__The data__
┏━━

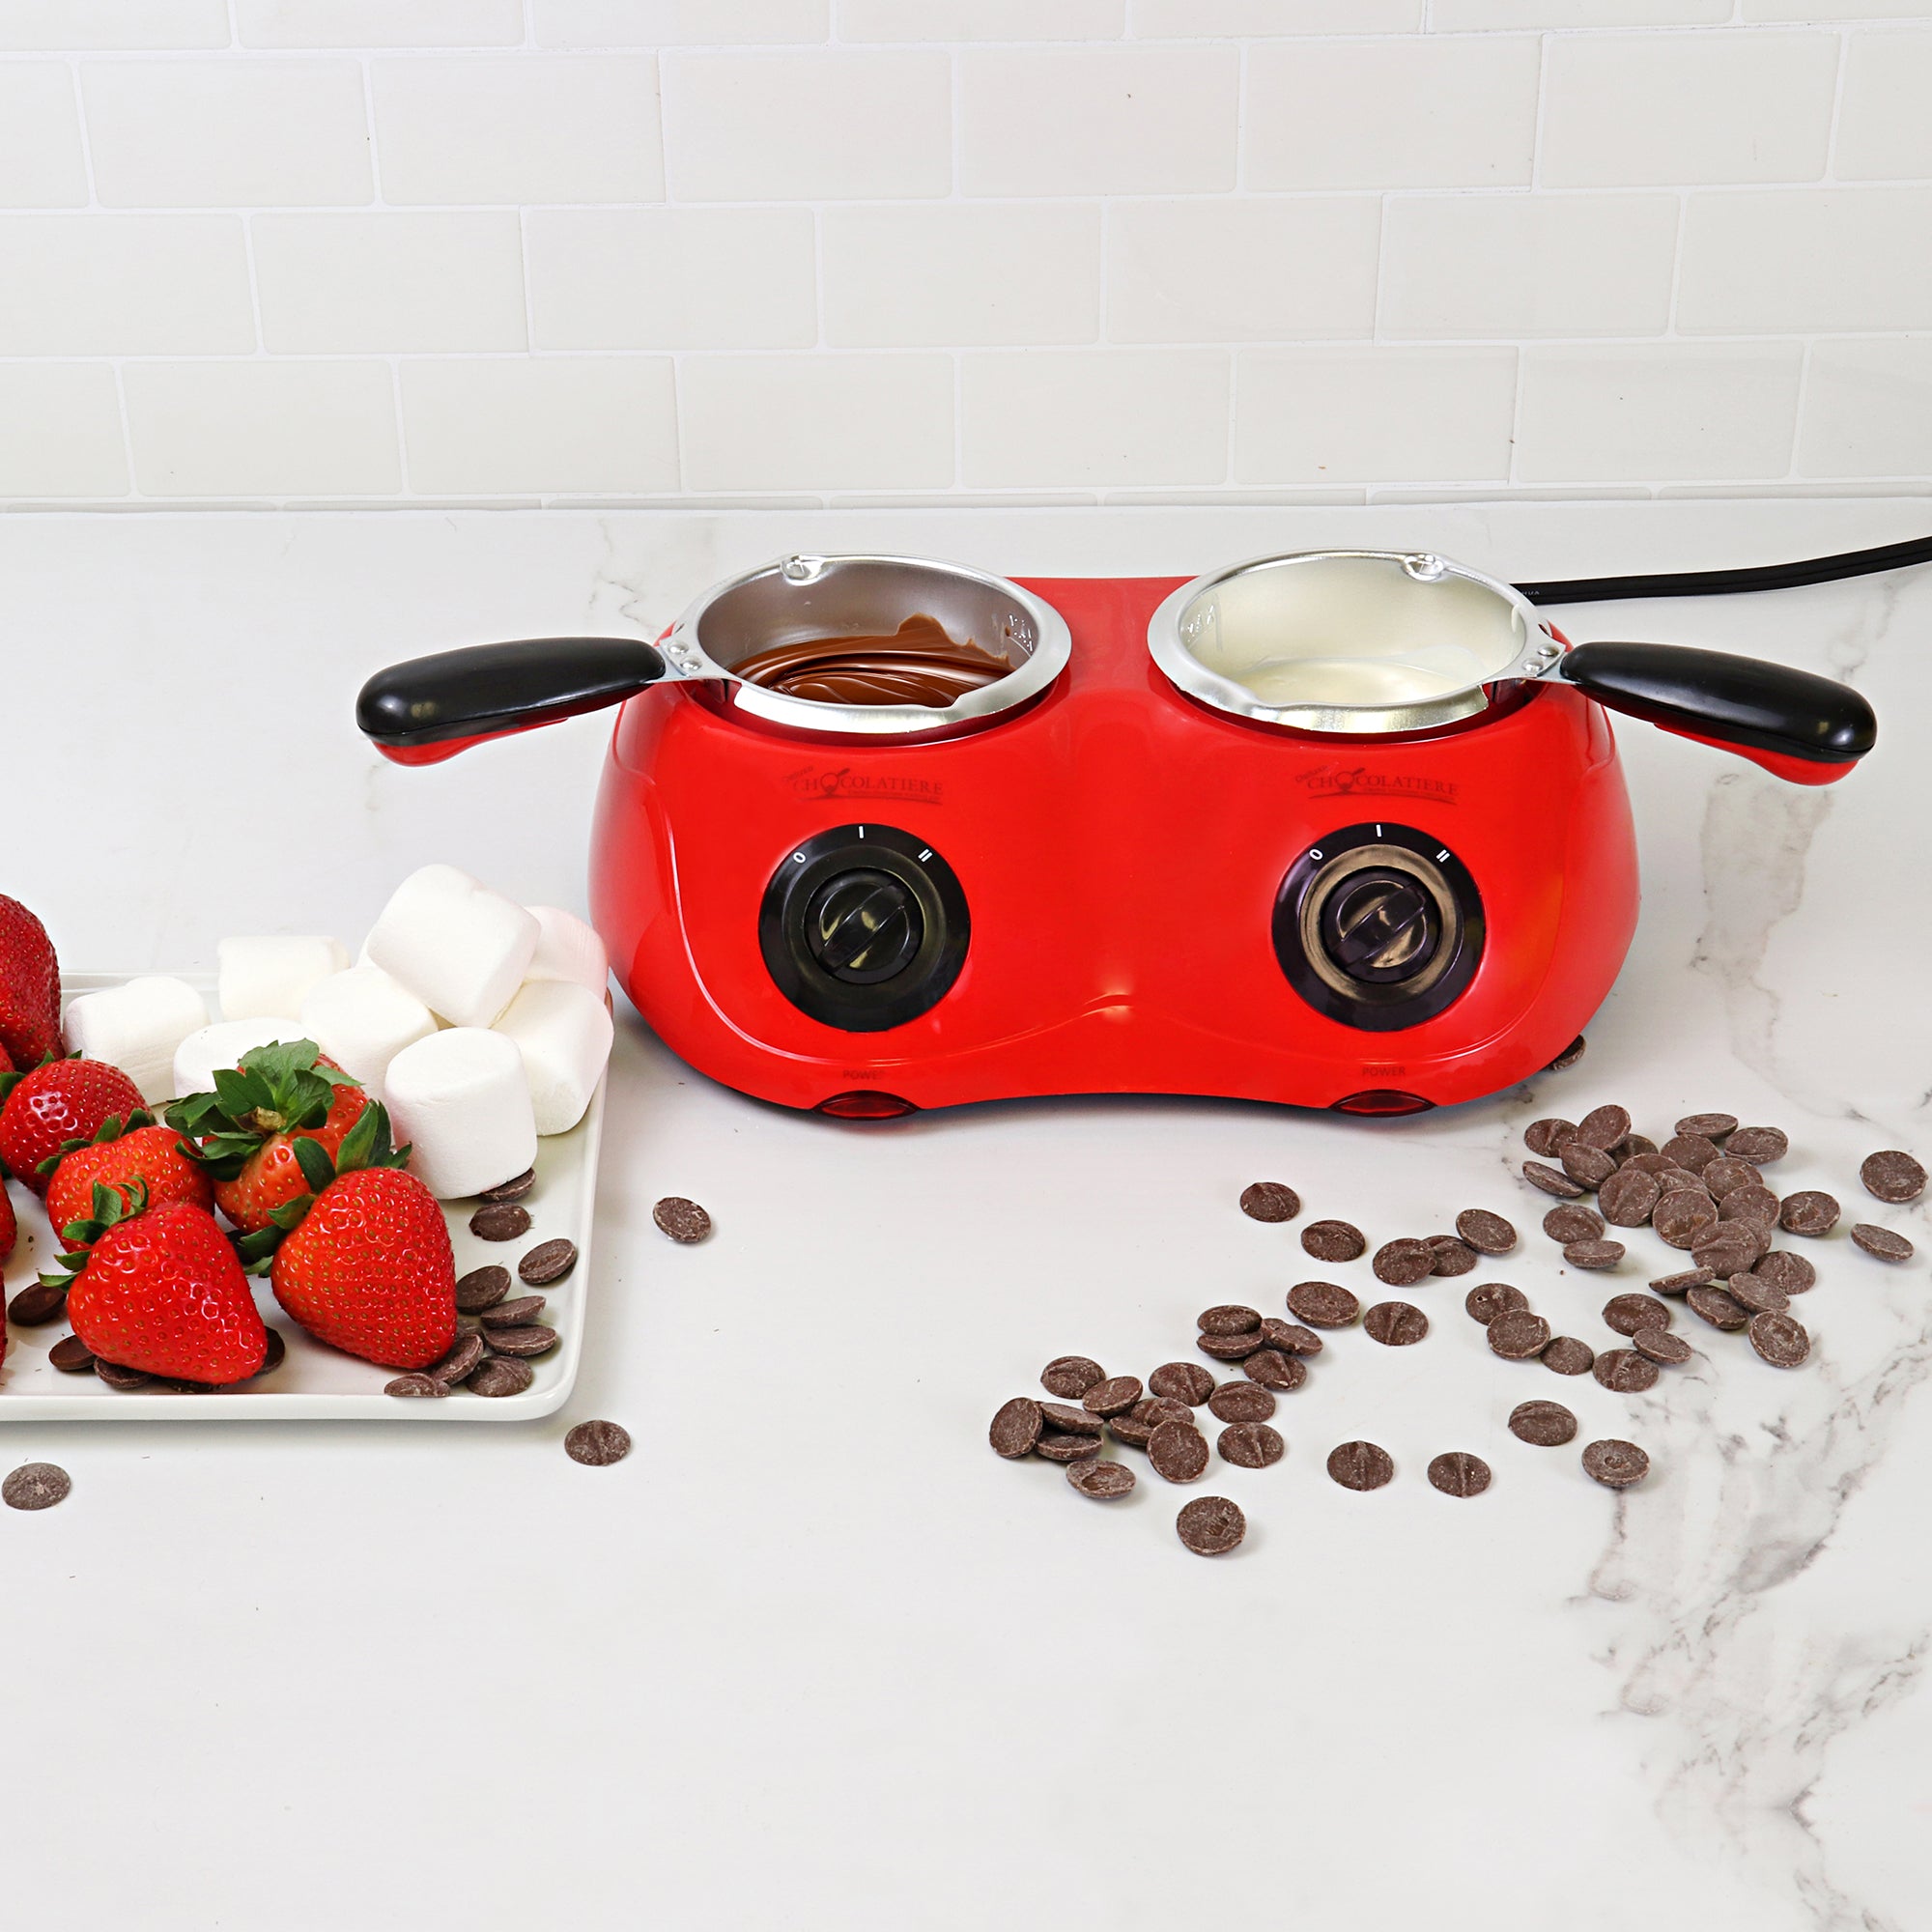 Lifestyle image of the chocolatiere on a white marbled countertop with melted milk chocolate in one pot and white chocolate in the other. There is a plate to the left with strawberries and marshmallows on it and unmelted chocolate discs scattered on the counter to the right
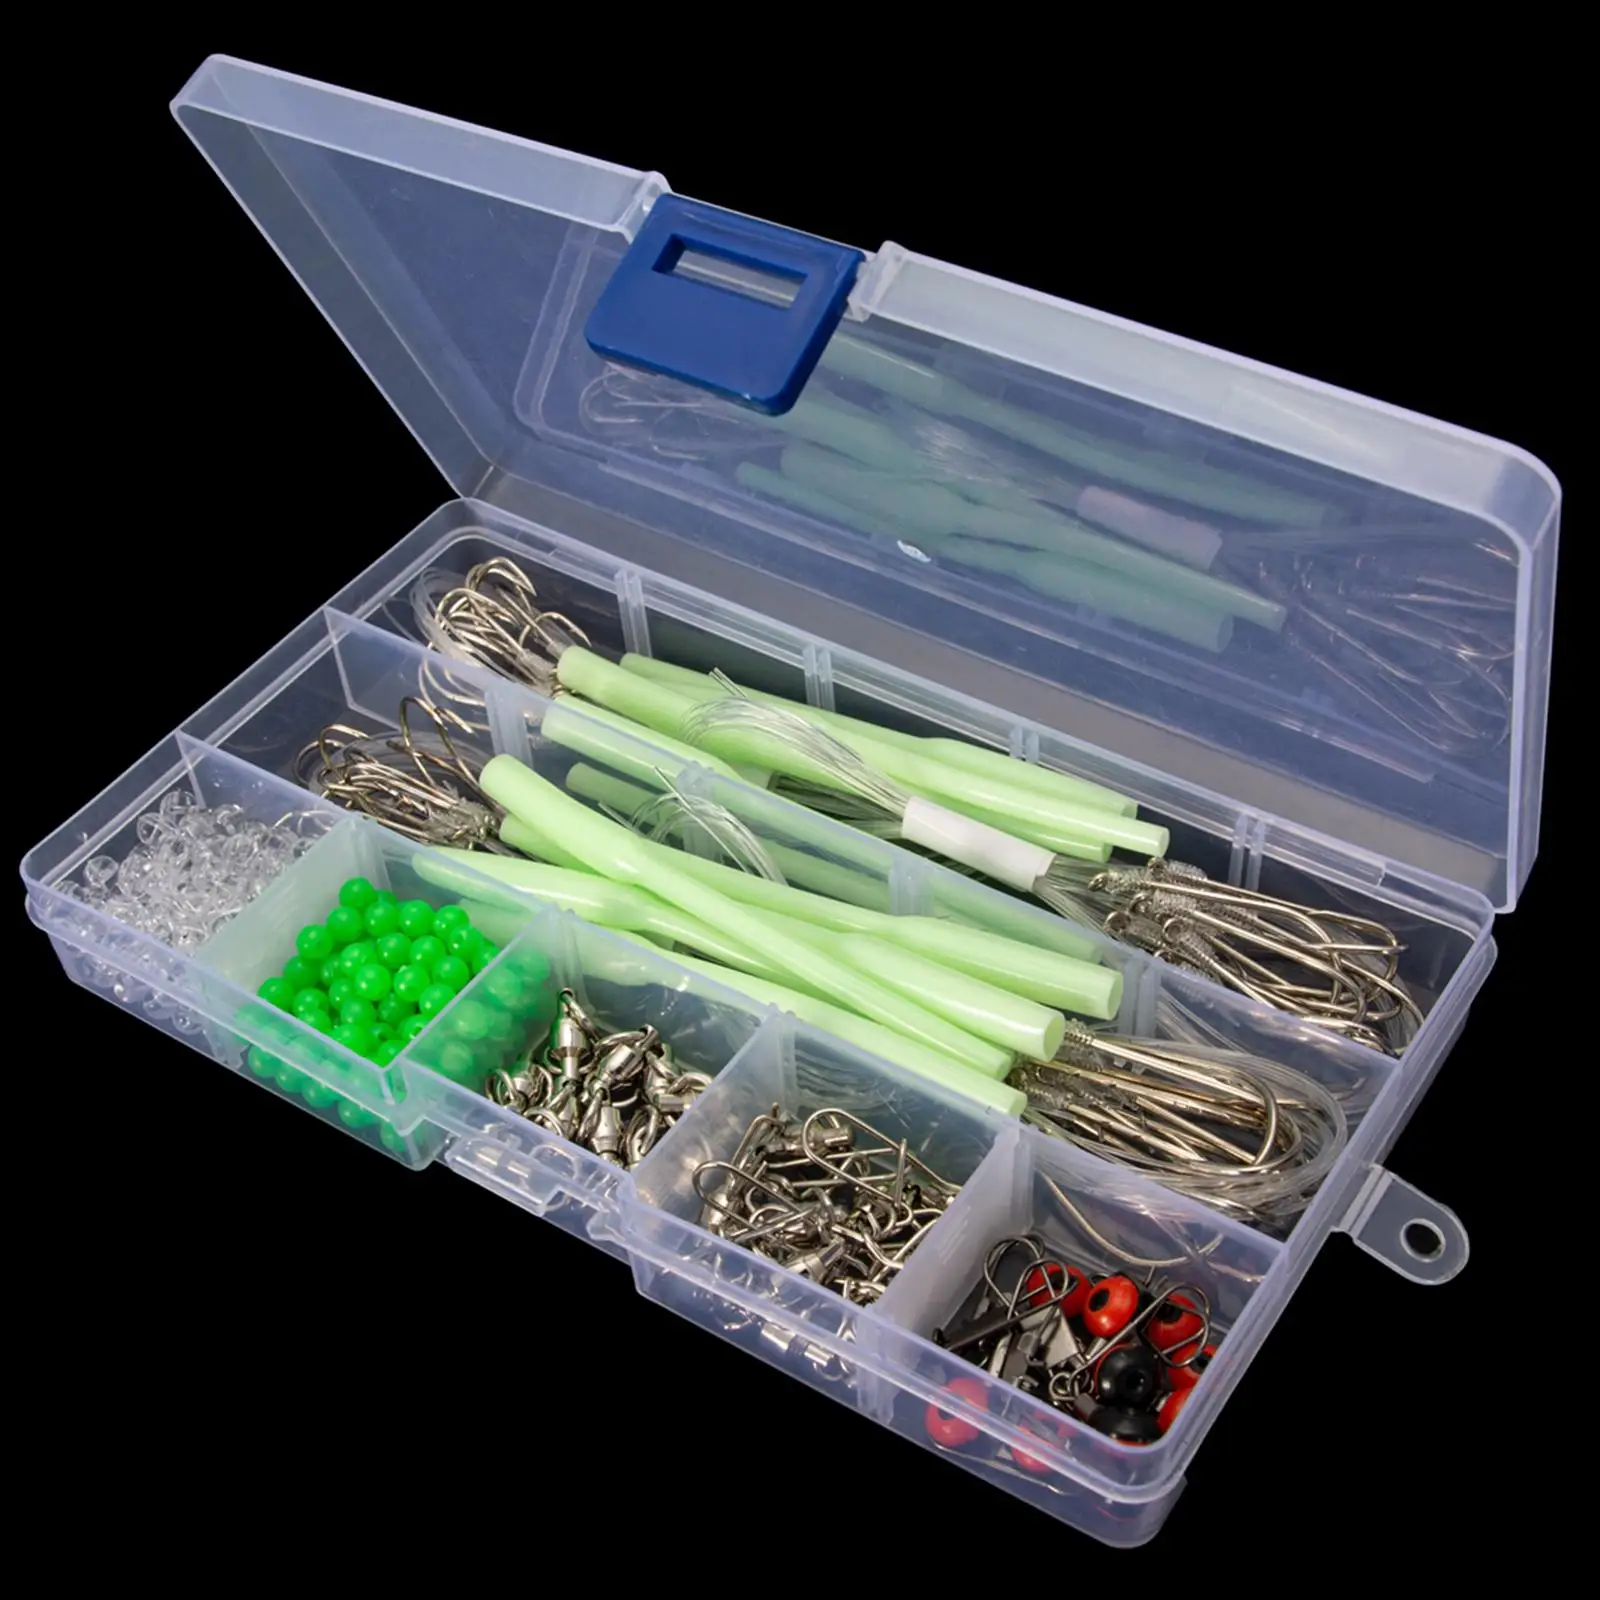 289Pcs Portable Fishing Tackle Box Thread Hook Set Storage Case Carp Fishing Gear Tool Beads Fishing Accessories for Beginners
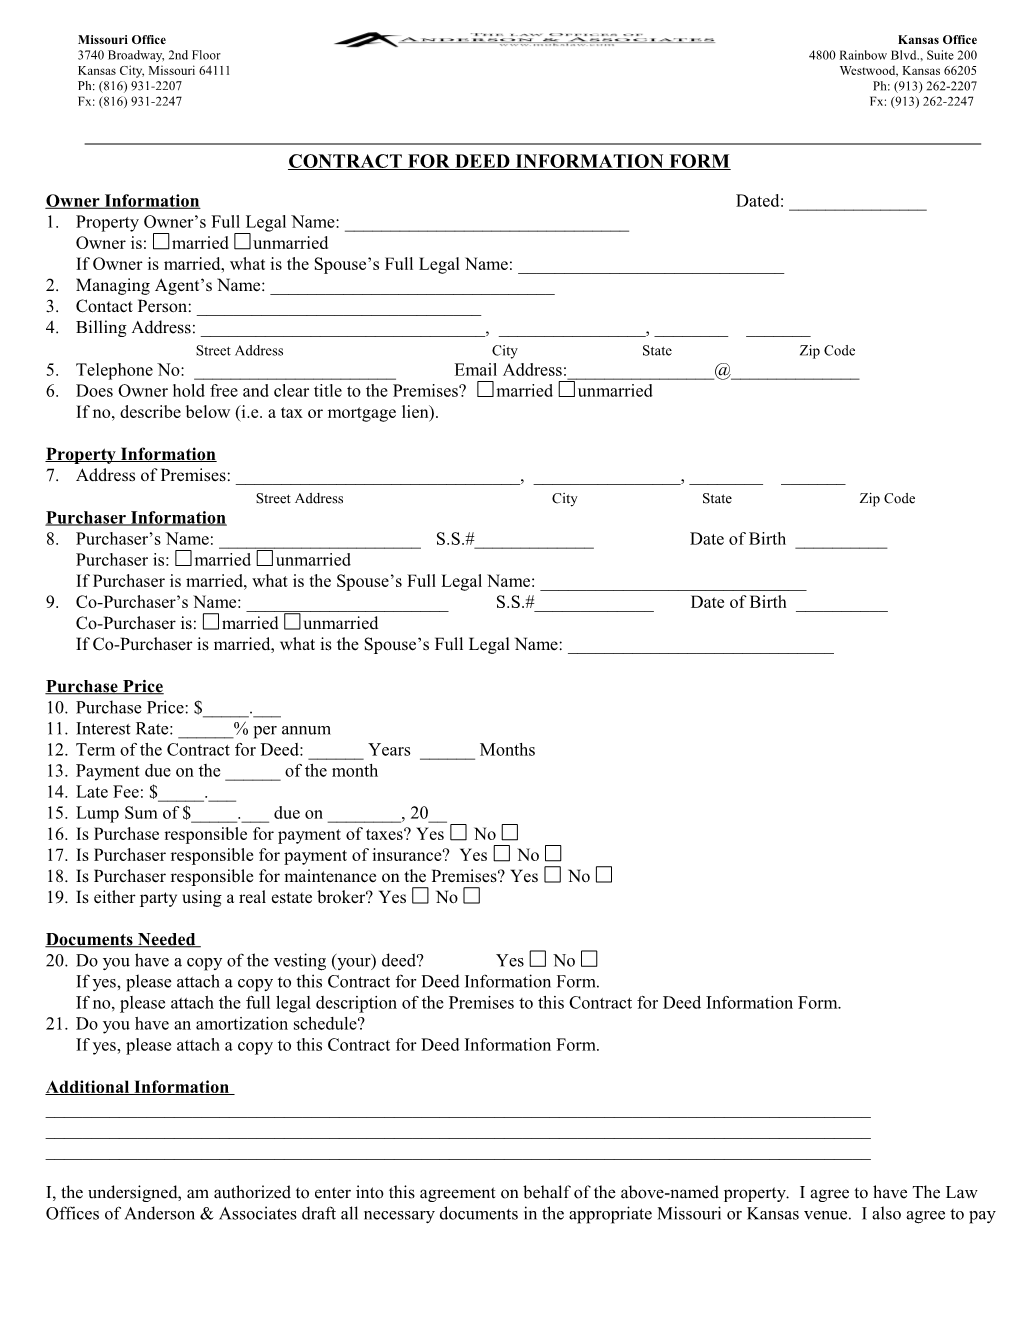 Contract for Deed Information Form

┗━━

__Required work__
Every line above gets copied exactly; none of the pictures do.

__Your solution__
 Lifestyle image of the chocolatiere on a white marbled countertop with melted milk chocolate in one pot and white chocolate in the other. There is a plate to the left with strawberries and marshmallows on it and unmelted chocolate discs scattered on the counter to the right
 289Pcs Portable Fishing Tackle Box Thread Hook Set Storage Case Carp Fishing Gear Tool Beads Fishing Accessories for Beginners
 Contract for Deed Information Form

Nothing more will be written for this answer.